En dépit des progrès constatés, la mutualisation reste à approfondir et consolider, sans se limiter à l'achat : il convient également d'harmoniser les doctrines et les méthodes des deux forces. La fonction logistique reste un point d'ombre : les Sgami continuent à travailler, pour l'essentiel, pour la police nationale.

Les systèmes de gestion utilisés méritent d'être remplacés et fiabilisés, notamment pour le suivi des achats et la connaissance de l'existant.

Les fonctions achat et logistique tendent à être négligées dans toutes les organisations dont la finalité est opérationnelle ; or elles nécessitent un niveau élevé de professionnalisation. Il est indispensable de retenir les spécialistes, peu nombreux, et de mettre en place une politique prospective des emplois pour recruter de bons acheteurs et logisticiens.

Enfin, la gouvernance de l'ensemble réclame des améliorations, en particulier l'intégration des Sgami dans le processus de décision de la police et de la gendarmerie.

En conclusion, l'effort de rationalisation doit être poursuivi autour de trois priorités :: la définition des équipements des forces qui doit procéder d'une évaluation plus fine et plus complète de leurs besoins opérationnels, une politique d'achat inscrite dans une stratégie pluriannuelle formalisée intégrant les progrès technologiques, une revalorisation de la fonction logistique associée à un renforcement de la gestion des stocks. Je tiens à souligner la qualité des échanges avec les services concernés, qui pour l'essentiel n'ont pas contesté les conclusions de l'enquête.

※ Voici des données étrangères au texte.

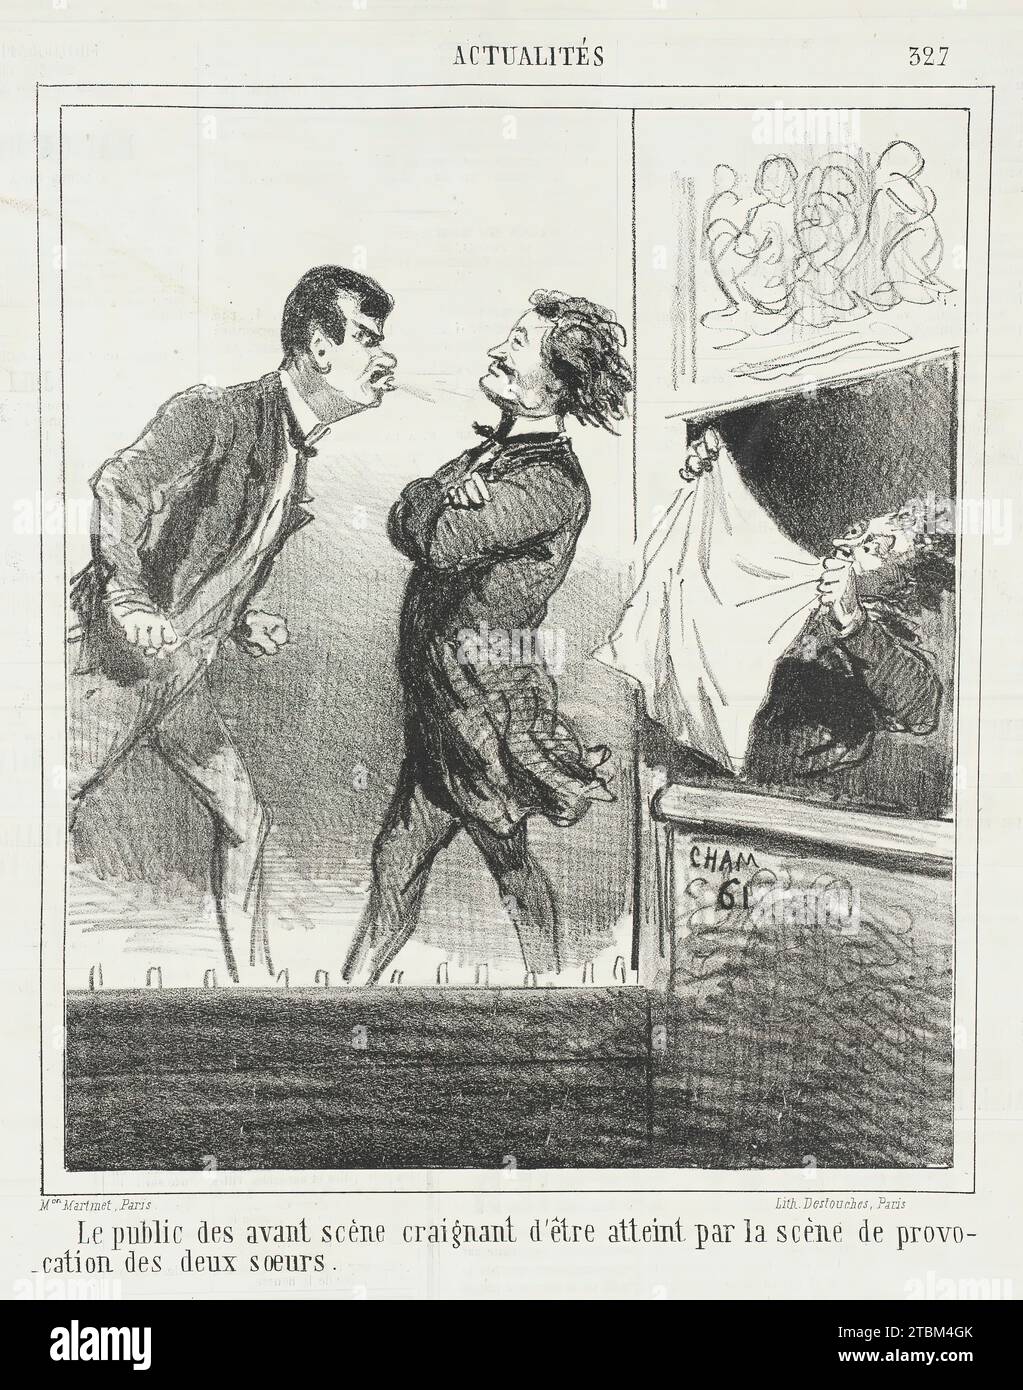 Le public des avant sc&#xe8;nes craignant d'&#xea;tre atteint par la sc&#xe8;ne de provocation des deux soeurs, 1865. From Actualit&#xe9;s. Stock Photo

Un dernier mot sur le contexte budgétaire. La Cour des comptes a alerté à de nombreuses reprises, et dernièrement dans un référé du Premier président sur le temps de travail et la rémunération des forces de police et de gendarmerie rendu public début juin, sur les tensions budgétaires dans la mission « Sécurités ». Vous connaissez bien le problème du mécanisme d'éviction des dépenses hors titre 2, consacrées à l'entretien et à l'investissement. Historiquement, c'est l'augmentation de la masse salariale induite par les plans de valorisation de 2006 qui a créé les conditions budgétaires de la crise des équipements de 2012. Or dans le contexte budgétaire actuel de la mission Sécurités, tous les éléments d'une nouvelle crise sont réunis. Comme la note d'exécution budgétaire 2017 le souligne, la mission Sécurités est déjà sous tension et les prévisions triennales ne sont pas réalistes, compte tenu des efforts déjà consentis sur le plan des rémunérations et des effectifs. La double saturation des crédits par les revalorisations salariales et l'augmentation programmée des effectifs risque d'aboutir à un nouveau phénomène d'éviction des crédits d'équipement. Or l'effort que j'ai évoqué n'épuise pas la question. Ainsi, le renouvellement des véhicules n'empêche pas la poursuite du vieillissement du parc. Il faut de nouveau suivre de très près les trajectoires de dépenses du titre 2 afin de conserver une marge suffisante pour consolider les améliorations intervenues entre 2012 et 2017.